Based on the segmentation method, lane line detection is modelled as a per-pixel classification problem, and each pixel is classified as a lane area or background. Our approach is to model long-term correlations between pixels and create correlations between feature maps. Therefore, the generalisation ability of the method is improved by capturing context information.

3. Method

Due to the simple structure of lane lines, position information is more important than shape information in complex environments such as occlusion and low light. Therefore, the lane detection task relies heavily on global context information. This study has two main objectives: to use a space and channel attention module to obtain global context information and improve the accuracy of lane detection in complex environments such as occlusion and low light, and to increase the IBN network to improve network generalisation ability and reduce the amount of computation.

3.1. Architecture

Inspired by the literature (Huang et al., Citation2019), different types of encoder and decoder combinations can increase the computational efficiency on the premise of ensuring the accuracy of the reference frame.

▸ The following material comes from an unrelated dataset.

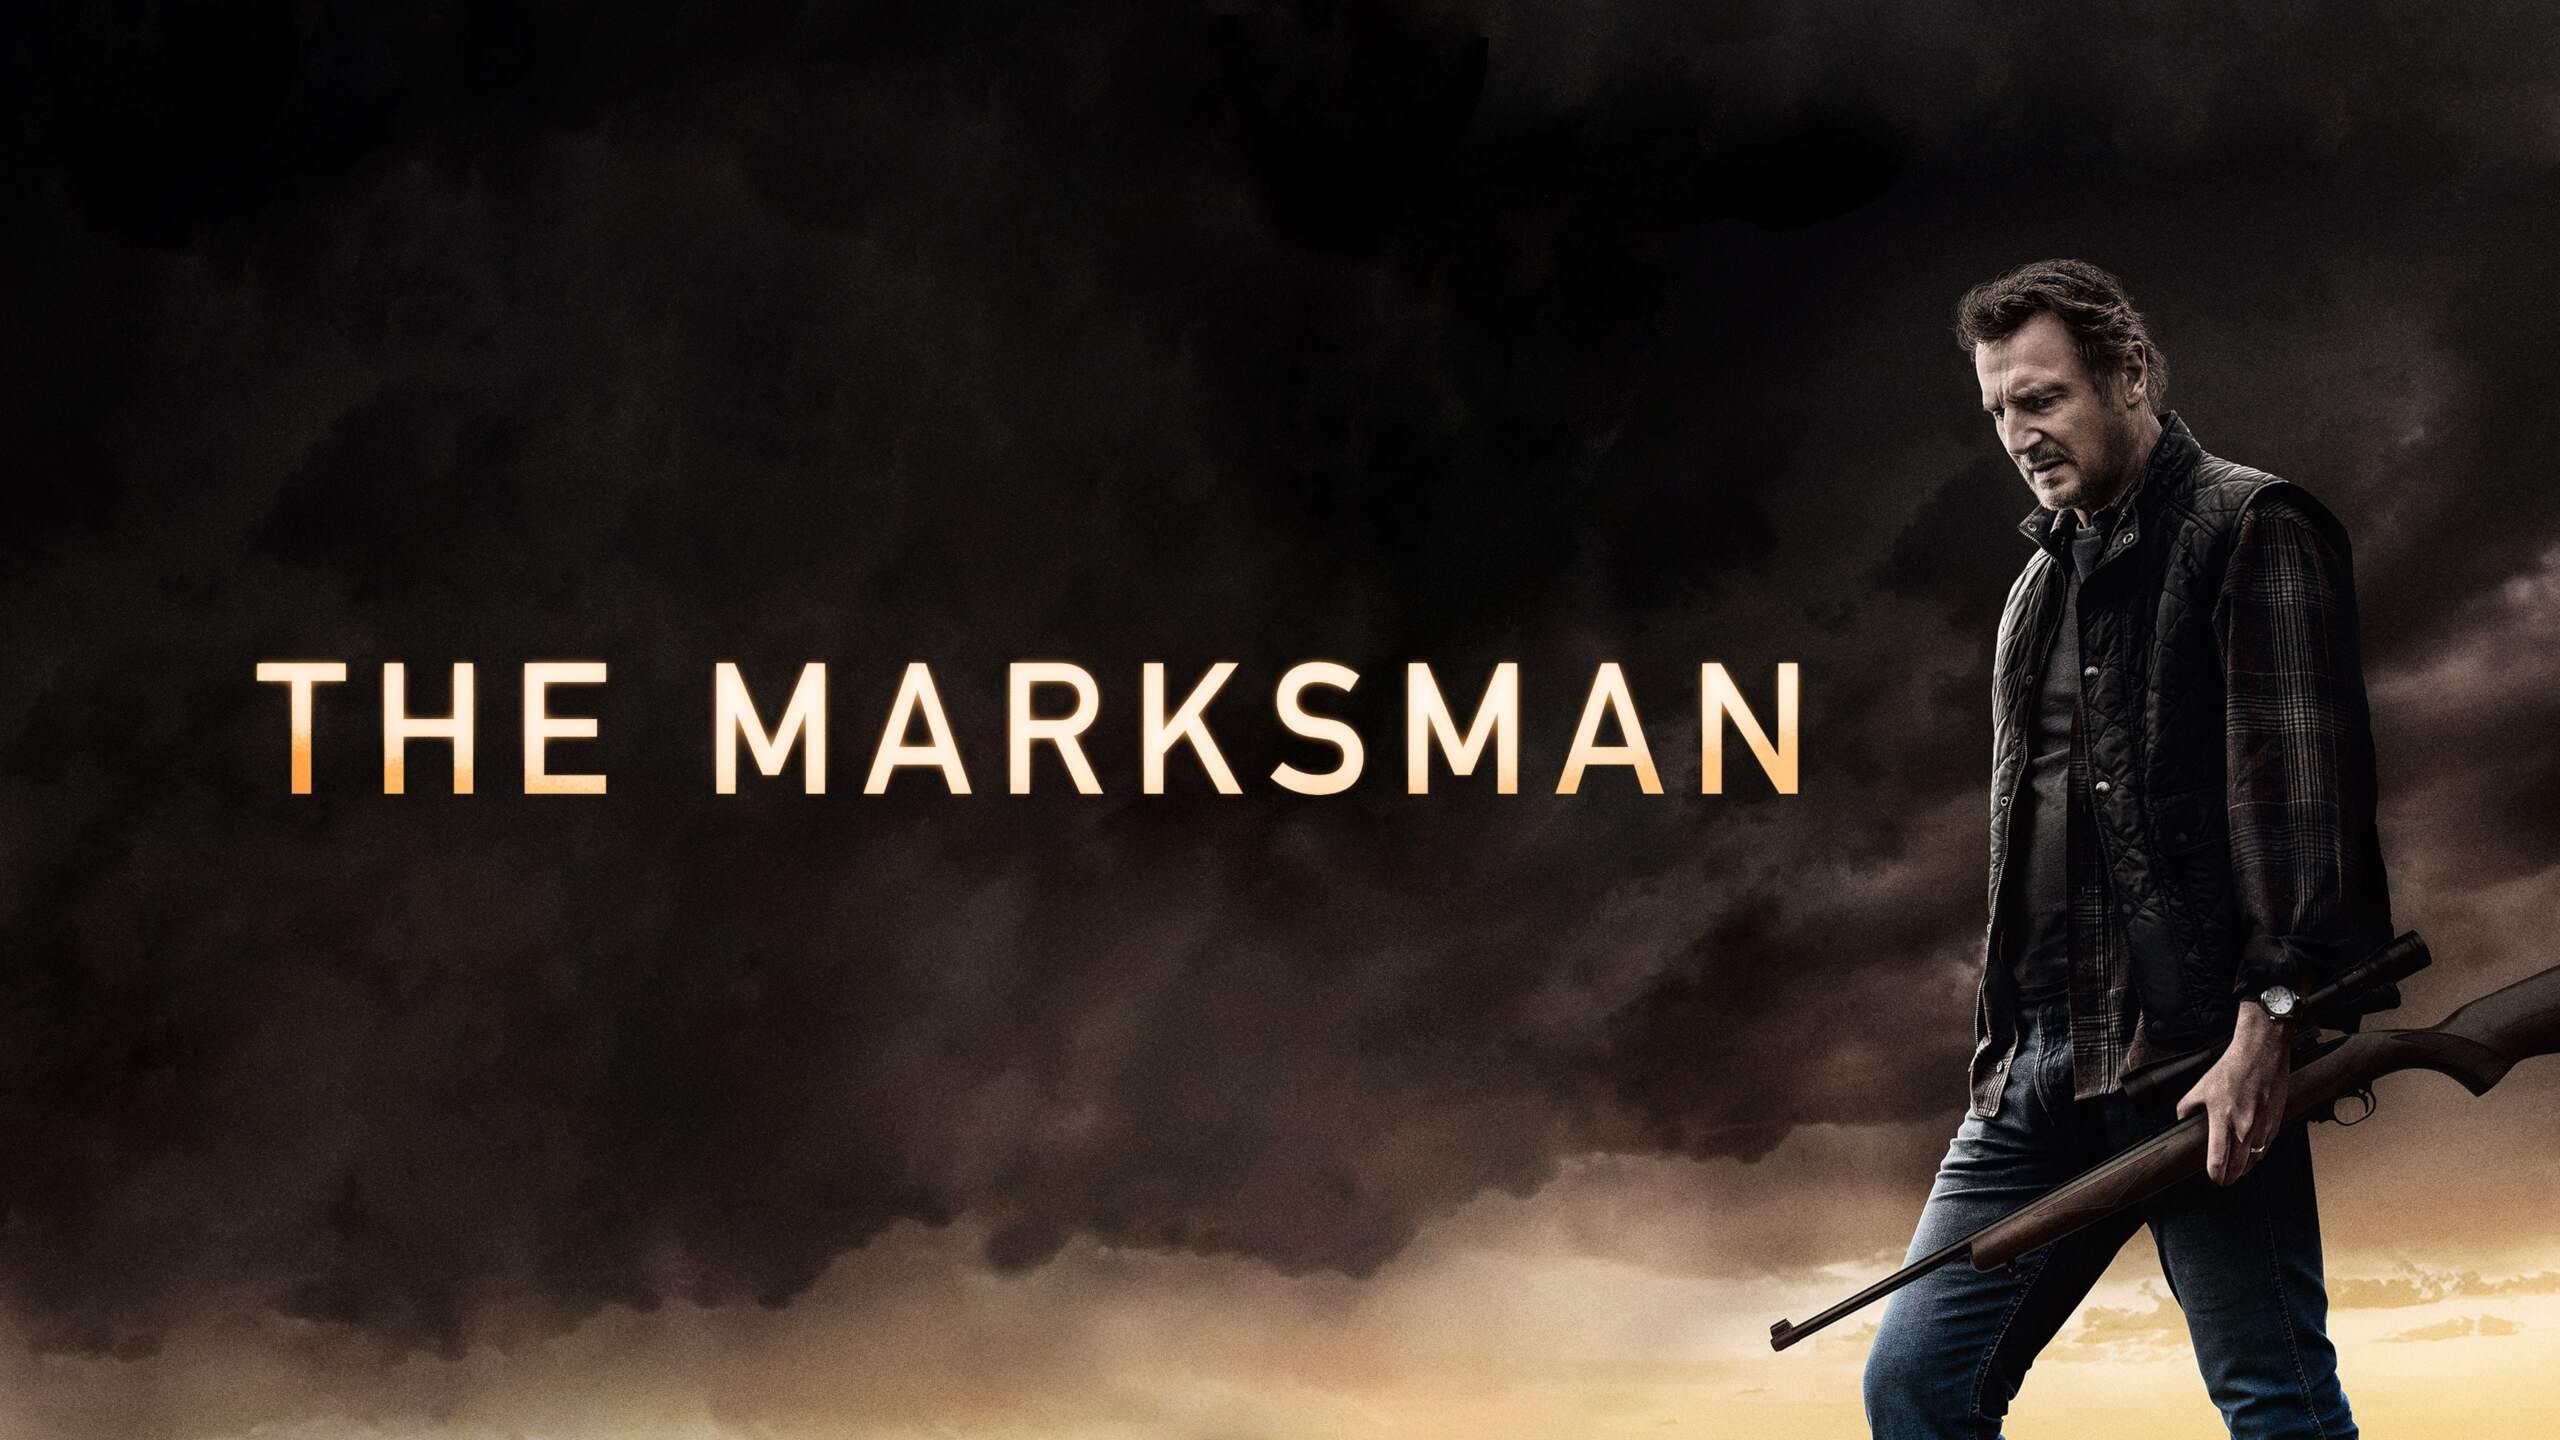 The poster of The Marksman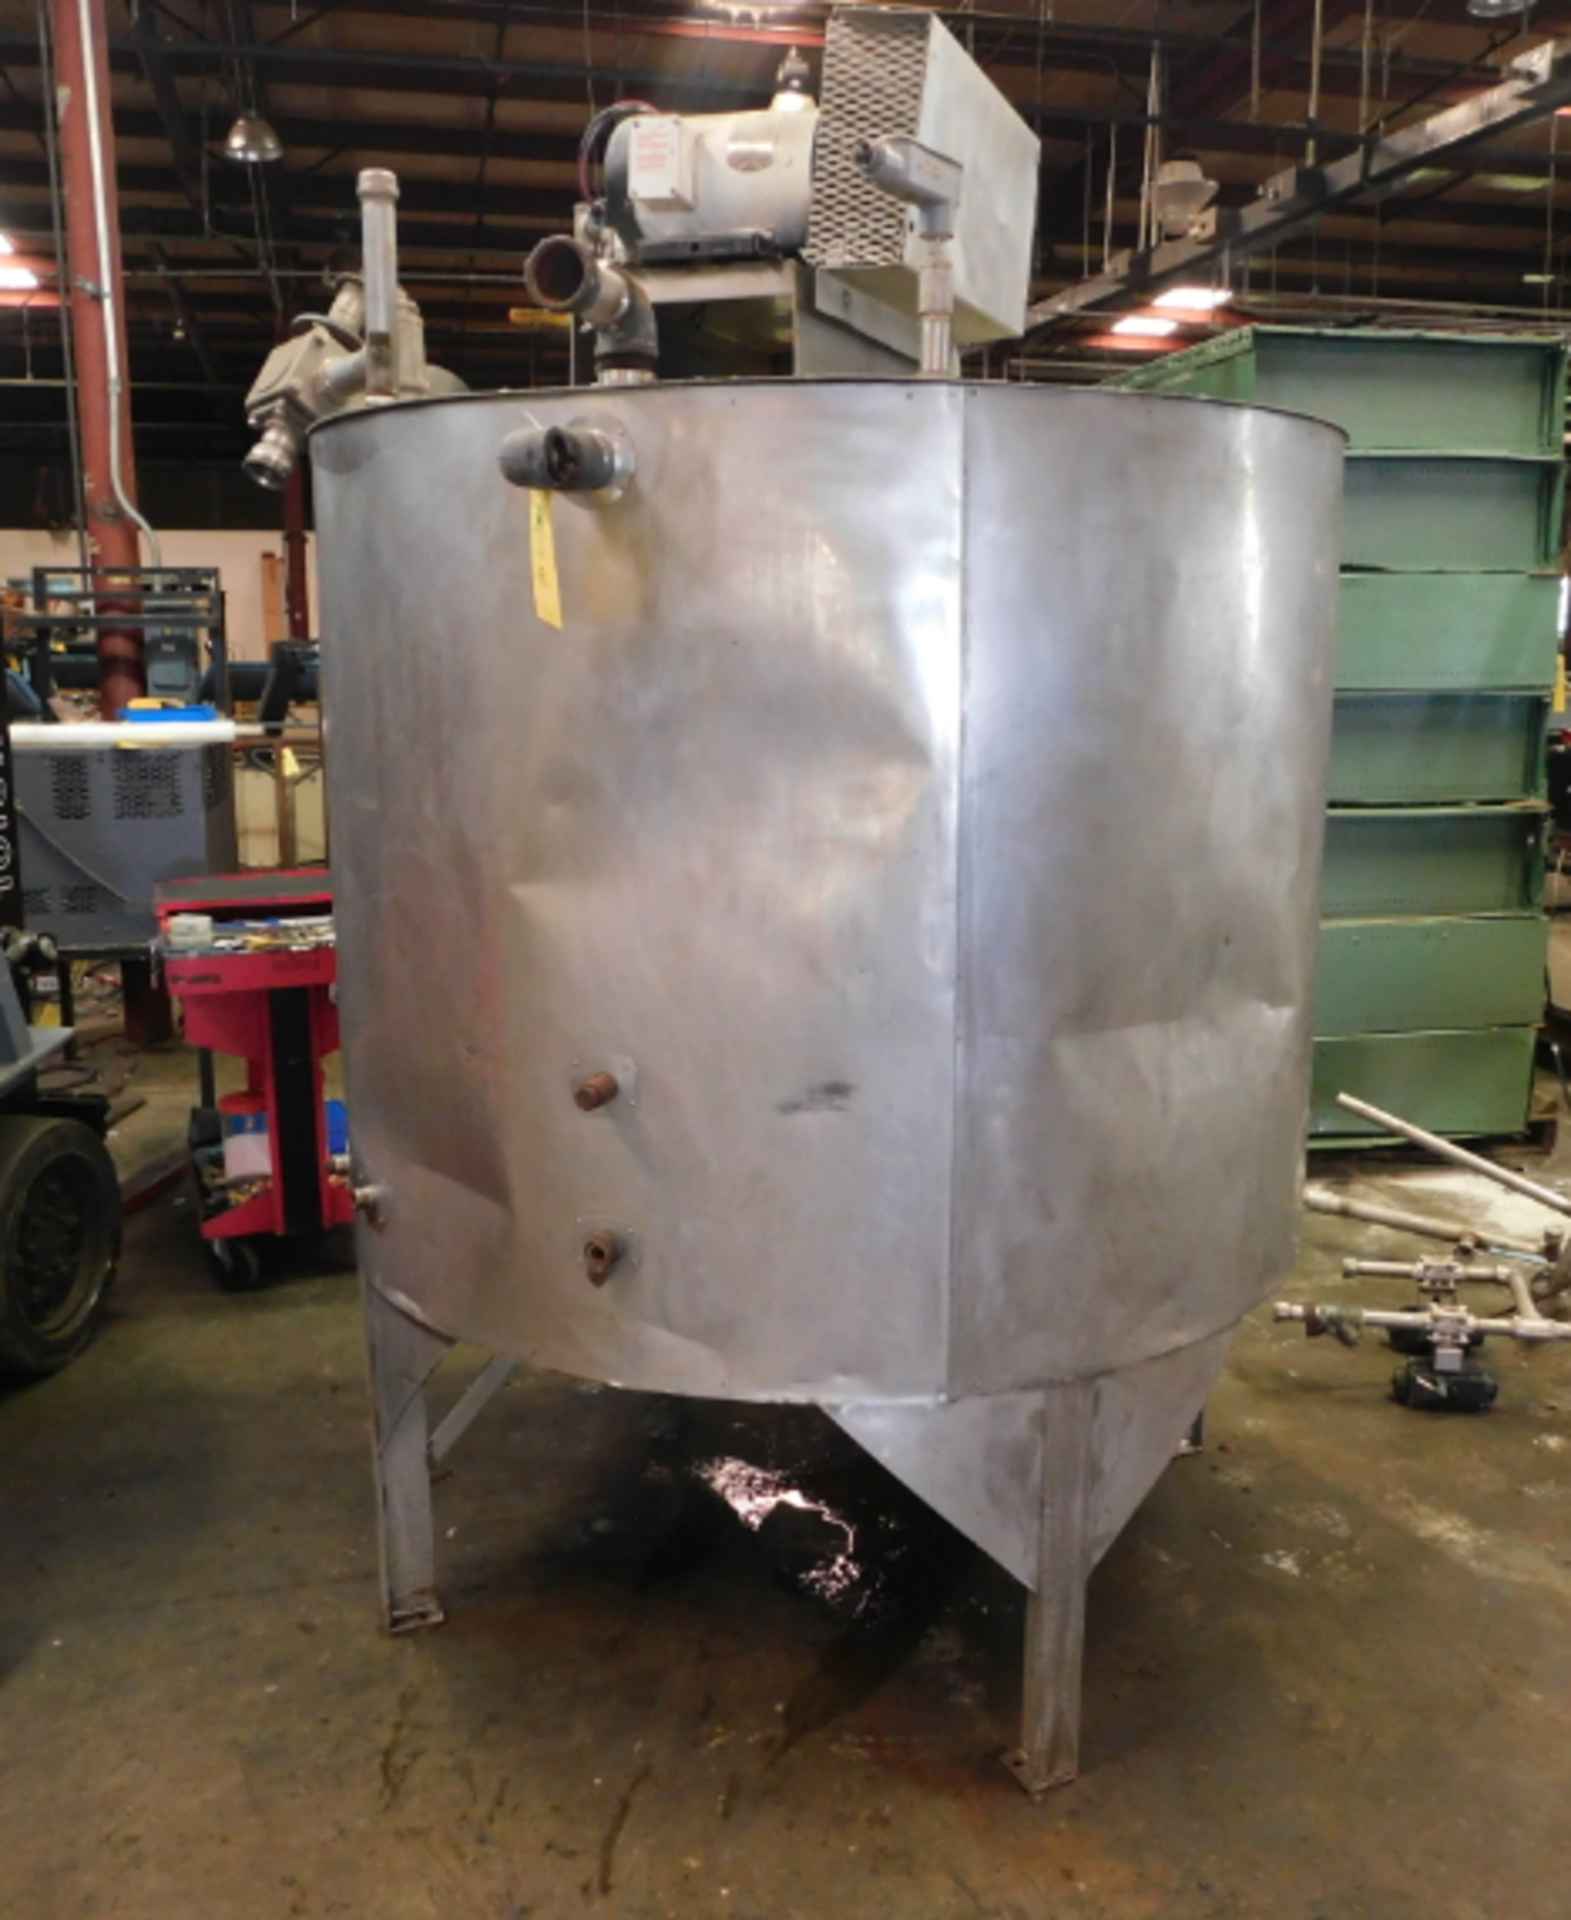 Stainless Steel Tank, 62 inches Diameter, 48.25 inches Height, Agitator/Mixer, Discharge Side and

The main structure of the U-Net (Ronneberger et al., Citation2015) network consists of an encoder, decoder, and bottleneck layer, in which the encoding and decoding are symmetric and skip connection is used. In our study, ResNet34 is used as the encoder module, which gives up average pooling and a fully connected layer retaining the first four feature extraction blocks. The main reason for this is that a shortcut mechanism is introduced by using ResNet34. This avoids gradient disappearance and accelerates network convergence. In the encoder phase, IBN networks are added to ResNet34 to improve network performance without additional computation. The attention mechanism is introduced at the connection between the encoding stage and decoding stage to refine the result of deconvolution by jump connection. The feature map of the attention layer in the encoder is fused with the result of the corresponding deconvolution layer, the structure of which is shown in Figure .

Figure 1. Based on ResNet34-UNet network structure, IBN-NET is added to encoding stage, and attention mechanism is added to encoding and decoding stages. Each blue rectangular block represents a multichannel feature map. Left part of network is encoder. Right part of network is decoder. Middle part of network is attention mechanism, which obtains context information.

3.2. IBN-Net

Instance normalization (IN) is more commonly used in style transformations and similar tasks, which allow instance-specific contrast information to be filtered out of the content as they attempt to change the appearance of the image while preserving the content. During the IN statistics calculation, all elements of a single sample and a single channel are considered in the normalisation statistics. Therefore, IN can provide visual and appearance invariance (Ulyanov et al., Citation2016).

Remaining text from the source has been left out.